Department of Psychiatry, Harvard Medical School, Boston, MA 02115, USA.
Center for Depression, Anxiety and Stress Research, McLean Hospital, Belmont, MA 02478, USA.
Brain. 2020 Dec 1;143(12):3865-3877. doi: 10.1093/brain/awaa314.
Depression is a debilitating disorder that often starts manifesting in early childhood and peaks in onset during adolescence. Neurocognitive impairments have emerged as clinically important characteristics of depression, but it remains controversial which domains specifically index pre-existing vulnerability, state-related or trait-related markers. Here, we disentangled these effects by analysing the Adolescent Brain Cognitive Development dataset (n = 4626). Using information of participants' current and past mental disorders, as well as family mental health history, we identified low-risk healthy (n = 2100), high-risk healthy (n = 2023), remitted depressed (n = 401) and currently depressed children (n = 102). Factor analysis of 11 cognitive variables was performed to elucidate latent structure and canonical correlation analyses conducted to probe regional brain volumes reliably associated with the cognitive factors. Bayesian model comparison of various a priori hypotheses differing in how low-risk healthy, high-risk healthy, remitted depressed and currently depressed children performed in various cognitive domains was performed. Factor analysis revealed three domains: language and reasoning, cognitive flexibility and memory recall. Deficits in language and reasoning ability, as well as in volumes of associated regions such as the middle temporal and superior frontal gyrus, represented state- and trait-related markers of depression but not pre-existing vulnerability. In contrast, there was no compelling evidence of impairments in other domains. These findings-although cross-sectional and specific to 9-10-year-old children-might have important clinical implications, suggesting that cognitive dysfunction may not be useful targets of preventive interventions. Depressed patients, even after remission, might also benefit from less commonly used treatments such as cognitive remediation therapy.

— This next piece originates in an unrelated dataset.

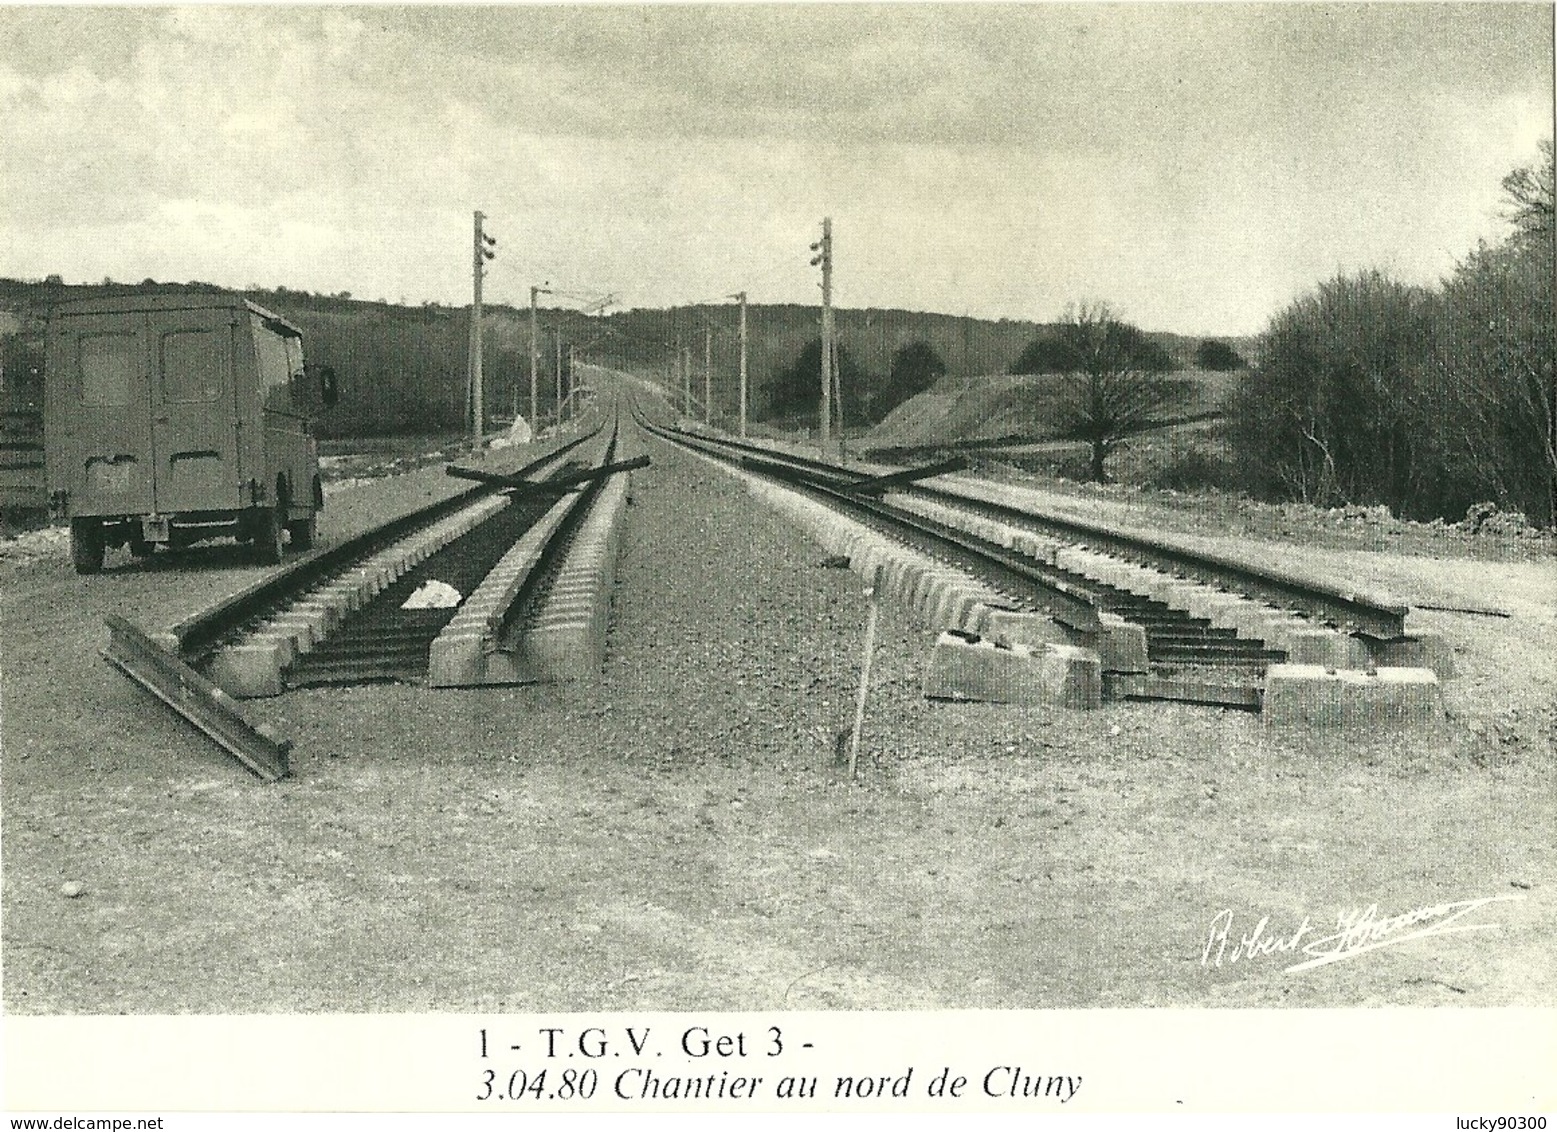 CHANTIER VOIE FERRÉE TGV - CONSTRUCTION CHEMIN DE FER ET PONT - SECTEUR CLUNY RN 79  - AVRIL 1980 - RARE 600 EXEMPLAIRES - Structures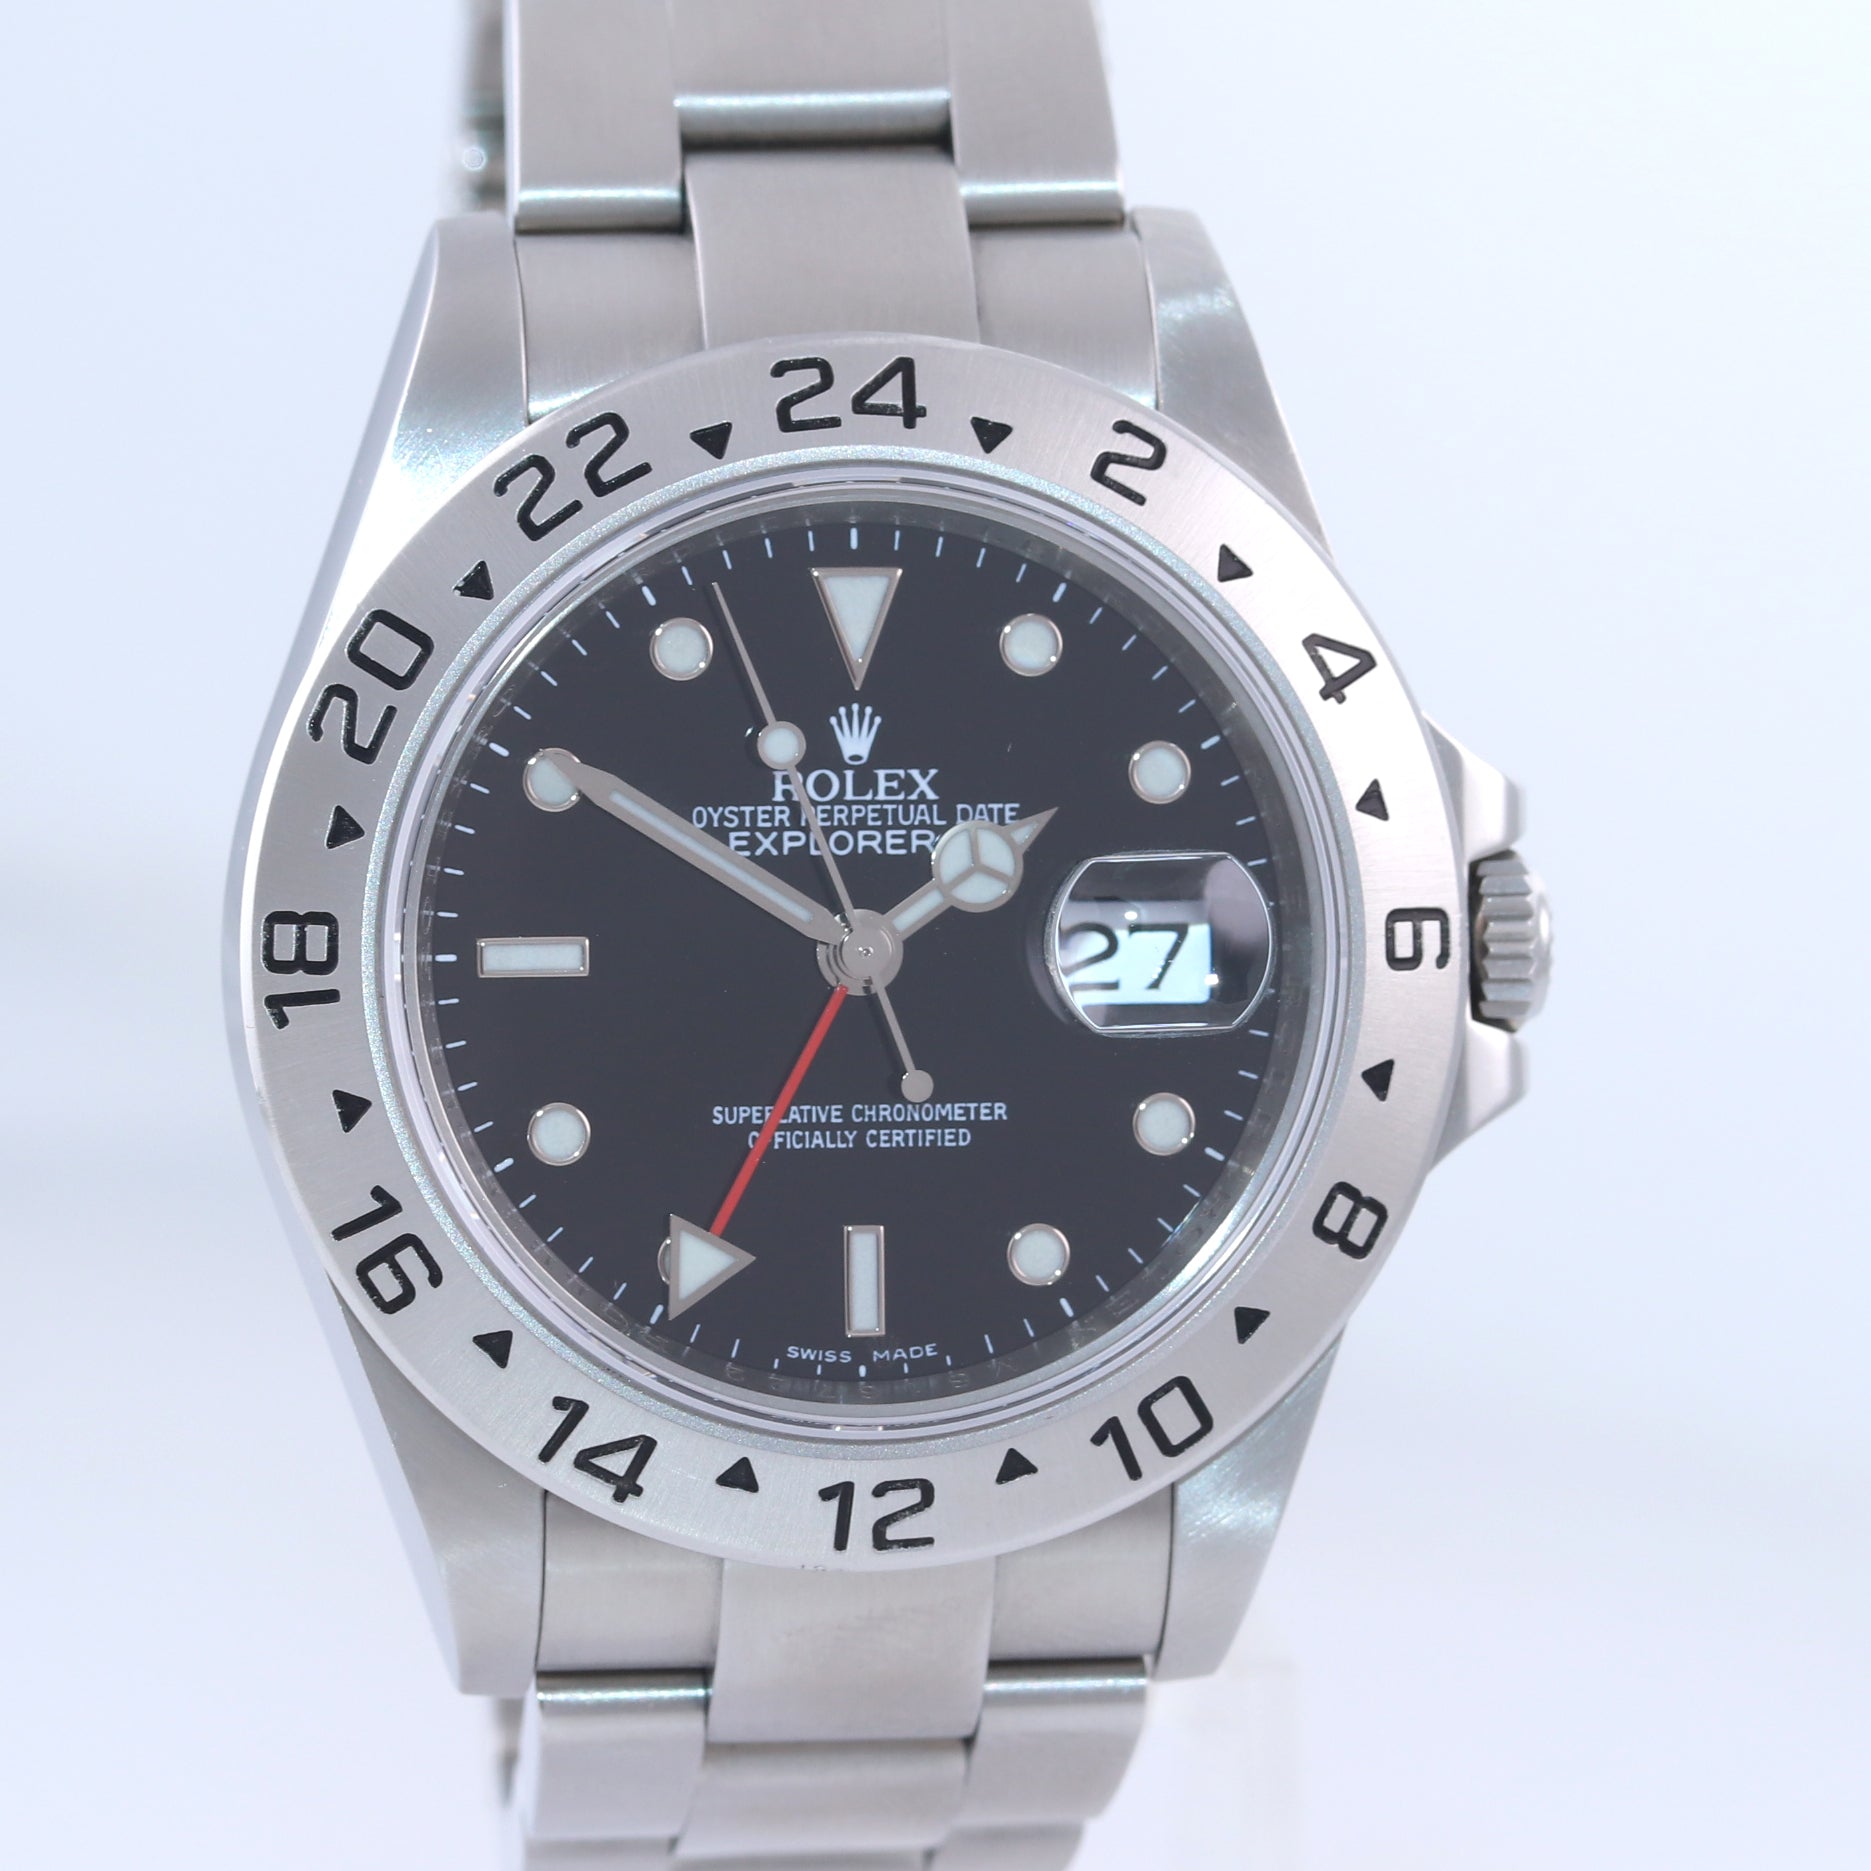 MINT 2009 ENGRAVED REHAUT Rolex Explorer II 16570 Black Date 3186 Watch Box

抑郁症是一种使人虚弱的疾病,通常在儿童早期表现出来,并在青少年时期达到发病高峰。神经认知障碍已成为抑郁症的重要临床特征,但哪些特定领域可作为预先存在的易感性、与状态相关或与特质相关的标志物,仍存在争议。在这里,我们通过分析青少年大脑认知发展数据集(n=4626)来厘清这些影响。利用参与者当前和过去的精神障碍以及家族精神健康史的信息,我们确定了低风险健康组(n=2100)、高风险健康组(n=2023)、缓解抑郁组(n=401)和当前抑郁组(n=102)。对 11 个认知变量进行因子分析,以阐明潜在结构,并进行典型相关分析,以可靠地探测与认知因素相关的区域脑容量。对各种先验假设进行贝叶斯模型比较,这些假设在低风险健康、高风险健康、缓解抑郁和当前抑郁儿童在不同认知领域的表现方式上存在差异。因子分析揭示了三个领域:语言和推理、认知灵活性和记忆回忆。语言和推理能力的缺陷,以及与中颞叶和额上回等相关区域的体积减少,代表了抑郁症的状态和特质相关标志物,而不是预先存在的易感性。相比之下,在其他领域没有令人信服的证据表明存在缺陷。这些发现——尽管是横断面的,并且特定于 9-10 岁的儿童——可能具有重要的临床意义,表明认知功能障碍可能不是预防干预的有用目标。即使在缓解后,抑郁患者也可能受益于不太常用的治疗方法,如认知矫正治疗。